Zé Maria sits back and ponders what will come next. He would consider taking a job in Brazil but, after spent 23 years outside the country, he is viewed with suspicion. In Brazil, there is a small circle of managers who always get the big jobs. In Europe, meanwhile, there is little space in the dugouts for Brazilians. “There are no Brazilian coaches in the top four leagues in the world. There are two reasons. Firstly, they [lack] desire to go to Europe and get up to the [tactical] level of the European coach. Secondly, it’s difficult to leave Brazil. It’s winter here and it’s 30℃.
“I’ve heard Muricy Ramalho, a great coach, saying: ‘I’m Brazilian, we have to dribble, we can’t lose that.’ But you’re not going to lose that. You can dribble, but with organisation behind it. Those are the things Brazilians don’t want to do, to get out of that comfort zone, to grow. That’s what we have to learn. The Argentinians do that. Pochettino, Simeone. It’s arrogant to think that you don’t need to improve.”
Race is also an issue. In Brazil, where people of colour make up more than half the population, just one of the 20 managers in the top flight is black. The situation is just as bad in Europe. “Look at the big teams in the world; there are no black coaches. What’s happening [with the Black Lives Matter movement] is good, but it’s unlikely there will be a radical change. The storm will pass and everything will go back to how it was. People aren’t going to stop being racist.
His race also held him back as a player. “I was going to move to Verona but I didn’t go because the fans thought there should not be a black player in their team. I’ve been to cities where I was booed, along with other players of colour, like Thuram. When it happened, I responded by dedicating myself even more. That was my way of showing up their stupidity. They harmed their own clubs. They lost on the pitch and were fined off it. But in the following game the same thing happened again. That’s why I say it’s unlikely that it’ll change. It’s sad that people don’t learn.”
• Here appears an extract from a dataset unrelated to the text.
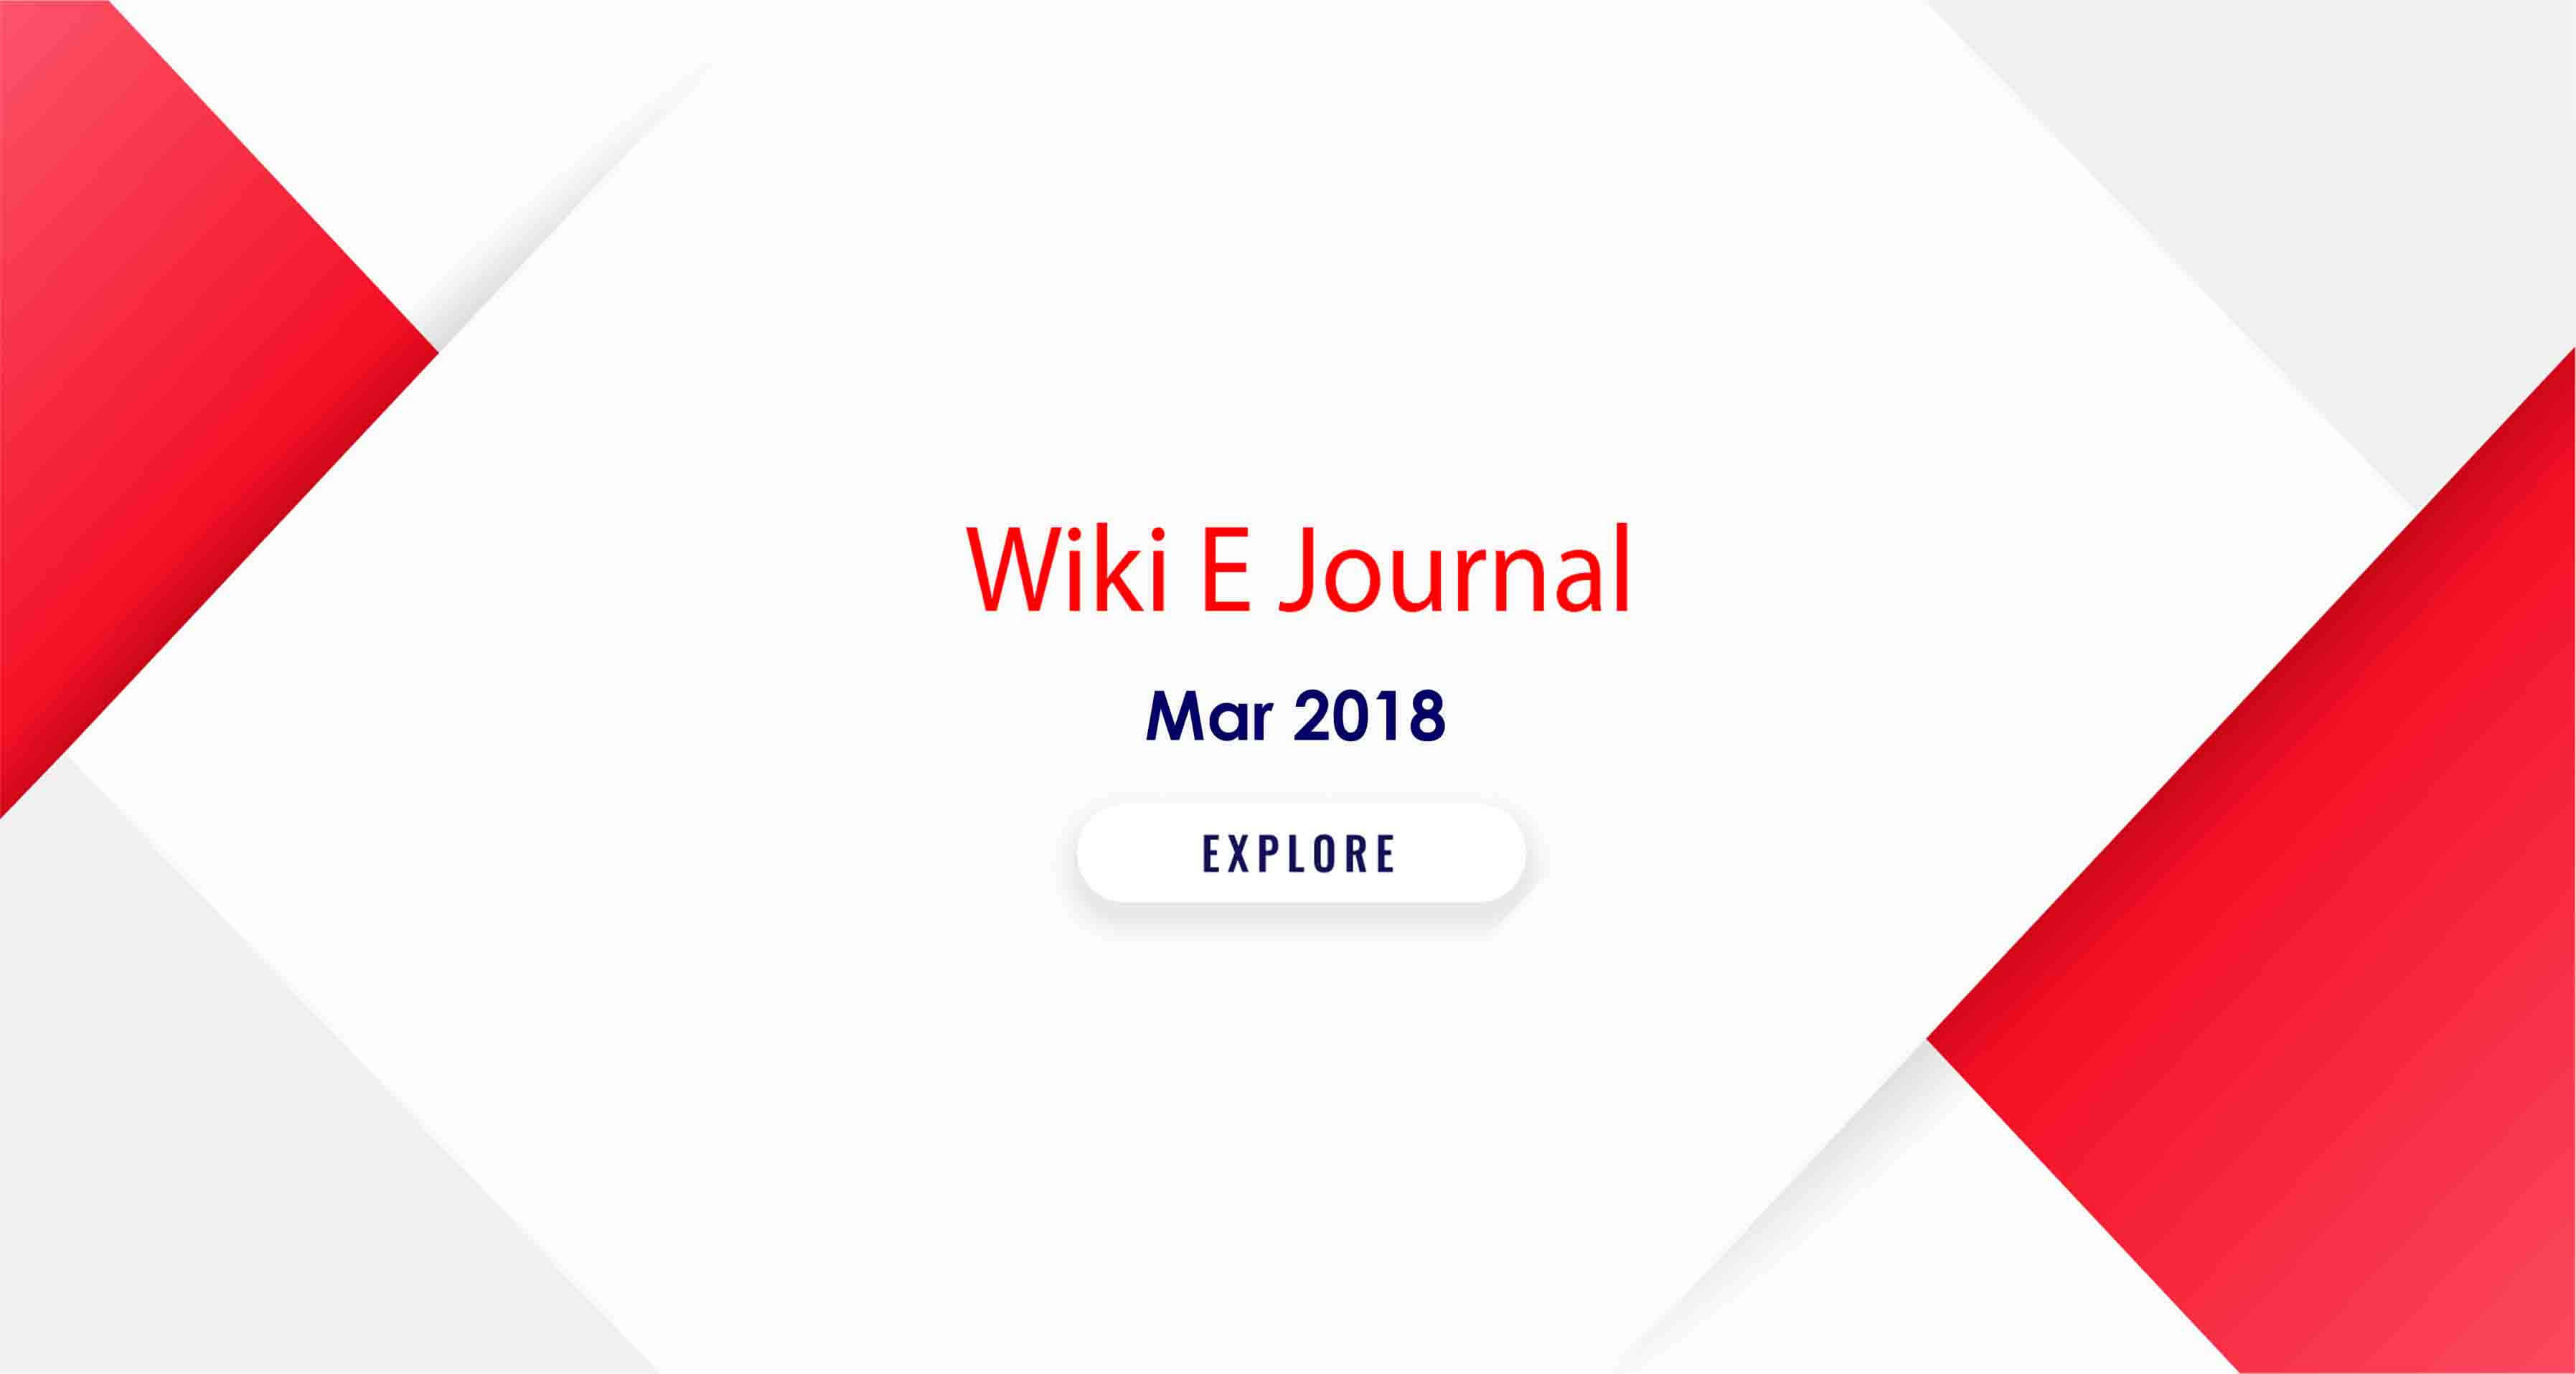 SBS WIKI E Journal MAR 2018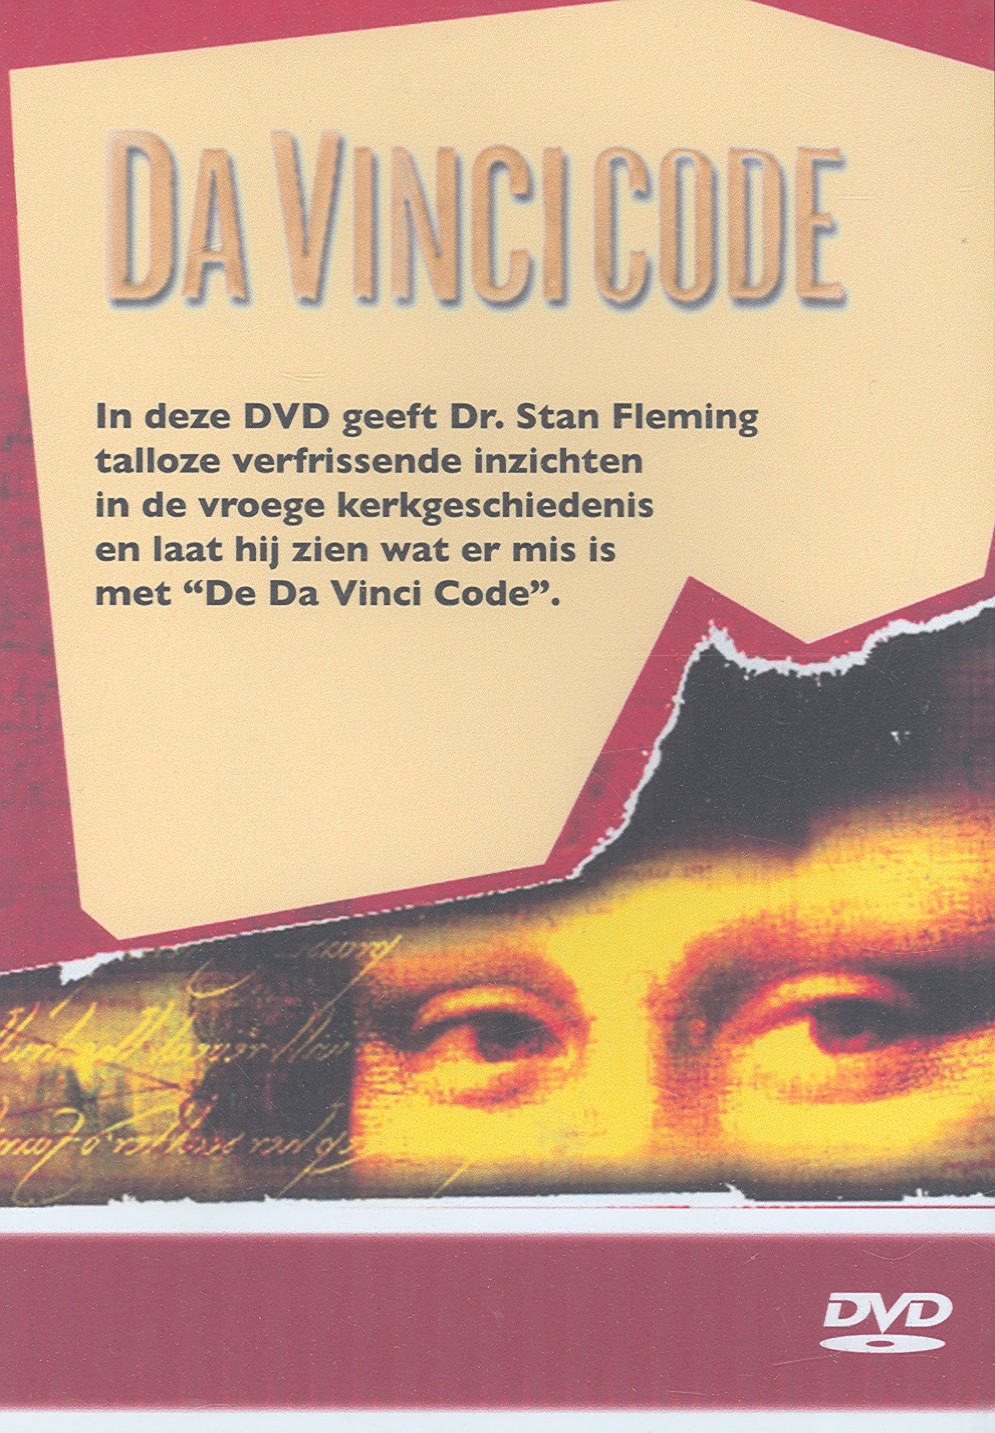 Dvd da vinci code

“We need a 180-degree turn and that requires courage. It requires courage from club presidents and the people in charge. When a coach of colour takes over at a big club, he has to be the best, otherwise he will be fired quickly. We’re not asking for much. I just want the same amount of time a white manager would have. If the opportunity comes for me to coach a big club in Brazil or Europe, I am qualified to do it well.”
He dreams of coaching in England, where he spent a week towards the end of his career, training under Bryan Robson at Sheffield United. A deal did not go through but it left an impression. “English people like beer but, even if they have a few beers after training, during training they dedicate themselves 100%. That’s the mentality I like. On the pitch, I want to give my maximum, I want to get better, I want to win. I saw a guy go in head-first into a tackle in training.
“It would be easier for me in Italy, because of the language. But, thinking about how I want to work, with intensity from morning until evening, England is the place. I demanded a lot from myself as a player – I stayed after training to practice crossing, passing and shooting – and that’s what I demand from my players: dedication and desire to win.”